Thirty seconds before the shield dropped. Hickory opened the gates of the village and he and Dickory stepped away to let the survivors of the attack flood out in retreat. The couple dozen or so remaining soldiers didn't stop to wonder how the gate had opened; they got the hell out and hroke toward their transports stationed a klick in the distance. The last of these soldiers cleared the gate as we dropped the field. Eser and his remaining guard were midway in this pack, the guard rudely pushing his charge along. He still had his rifle; most left their rifles behind, having seen what happened to those who had used them in the village, and assuming they were now entirely useless. I picked up one, as I followed them out; Jane picked up one of the missile launchers. Kranjic and Beata hopped down from the cargo containers and followed; Kranjic bounding ahead and disappearing in the darkness, Beata keeping time with Jane and I.
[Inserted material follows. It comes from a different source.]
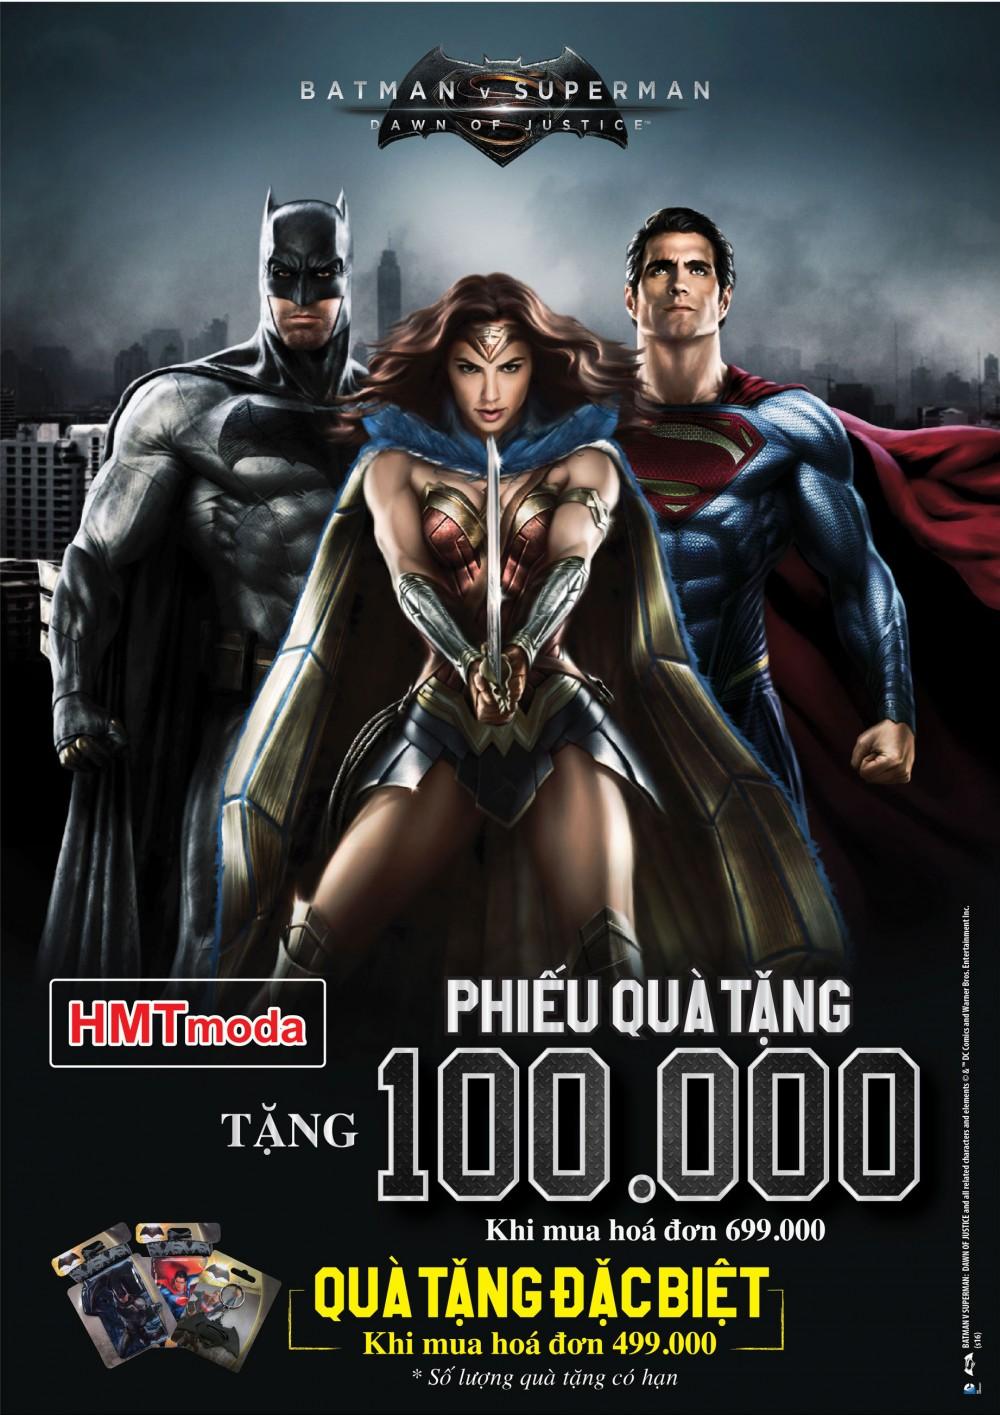 Ngày Hội Batman, Superman And Wonder Woman Giá Ưu Đãi Chỉ Có 159,000 đ, 169,000 đ...

The retreating Arrisian soldiers were making two assumptions as they retreated. The first was that bullets had no currency on Roanoke. The second was that the terrain they were retreating across was the same as the terrain they had marched in on. Both of these assumptions were wrong, as the Arrisians discovered when the automatic turret defenses along the retreat path opened fire on them, cutting them down in precise bursts controlled by Jane, who electronically signed off on each target with her BrainPal before they opened fire. Jane didn't want to shoot Eser by accident. The portable turrets had been placed by the colonists after the Arrisians had been shut in Croatoan; they had pulled them out of holes they had dug and covered. Jane had mercilessly drilled the colonists who placed the turrets so they could move them and placed them in the space of just a few minutes. It worked; only one turret was unusable because it was pointing in the wrong direction.